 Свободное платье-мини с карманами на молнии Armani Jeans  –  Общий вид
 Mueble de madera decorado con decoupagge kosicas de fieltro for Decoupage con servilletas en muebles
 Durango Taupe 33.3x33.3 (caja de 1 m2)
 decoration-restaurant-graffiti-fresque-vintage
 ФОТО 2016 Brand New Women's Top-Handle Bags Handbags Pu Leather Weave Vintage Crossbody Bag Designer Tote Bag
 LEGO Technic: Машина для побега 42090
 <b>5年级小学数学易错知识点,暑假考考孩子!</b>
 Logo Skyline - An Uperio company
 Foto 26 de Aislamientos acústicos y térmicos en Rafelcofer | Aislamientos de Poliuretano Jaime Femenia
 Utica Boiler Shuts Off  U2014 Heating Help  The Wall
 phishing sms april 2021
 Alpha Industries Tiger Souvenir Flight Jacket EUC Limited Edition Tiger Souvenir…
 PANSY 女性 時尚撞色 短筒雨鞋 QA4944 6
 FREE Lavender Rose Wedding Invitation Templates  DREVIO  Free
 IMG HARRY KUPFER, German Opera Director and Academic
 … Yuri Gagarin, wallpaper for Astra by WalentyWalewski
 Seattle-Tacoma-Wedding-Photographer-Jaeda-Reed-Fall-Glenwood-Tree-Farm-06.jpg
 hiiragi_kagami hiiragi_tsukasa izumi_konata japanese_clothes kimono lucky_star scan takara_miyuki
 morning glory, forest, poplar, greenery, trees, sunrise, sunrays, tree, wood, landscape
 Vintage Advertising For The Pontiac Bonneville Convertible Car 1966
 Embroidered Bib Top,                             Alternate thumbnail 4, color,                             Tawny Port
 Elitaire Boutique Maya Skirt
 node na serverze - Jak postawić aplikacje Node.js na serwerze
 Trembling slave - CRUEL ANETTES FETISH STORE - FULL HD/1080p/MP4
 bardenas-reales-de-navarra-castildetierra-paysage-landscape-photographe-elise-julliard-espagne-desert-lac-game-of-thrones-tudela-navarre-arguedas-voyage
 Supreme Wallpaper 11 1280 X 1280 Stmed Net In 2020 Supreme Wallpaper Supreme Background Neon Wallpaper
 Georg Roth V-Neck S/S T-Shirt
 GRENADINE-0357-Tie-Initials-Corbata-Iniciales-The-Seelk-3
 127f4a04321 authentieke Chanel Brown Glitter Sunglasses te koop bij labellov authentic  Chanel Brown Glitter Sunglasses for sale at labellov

-*-*-

Assigned task: Once you find the line with "Foto 26 de Aislamientos" in the entries above, output it and each line after it up to and including the line with "IMG HARRY KUPFER, German", and nothing else.

Answer below:
 Foto 26 de Aislamientos acústicos y térmicos en Rafelcofer | Aislamientos de Poliuretano Jaime Femenia
 Utica Boiler Shuts Off  U2014 Heating Help  The Wall
 phishing sms april 2021
 Alpha Industries Tiger Souvenir Flight Jacket EUC Limited Edition Tiger Souvenir…
 PANSY 女性 時尚撞色 短筒雨鞋 QA4944 6
 FREE Lavender Rose Wedding Invitation Templates  DREVIO  Free
 IMG HARRY KUPFER, German Opera Director and Academic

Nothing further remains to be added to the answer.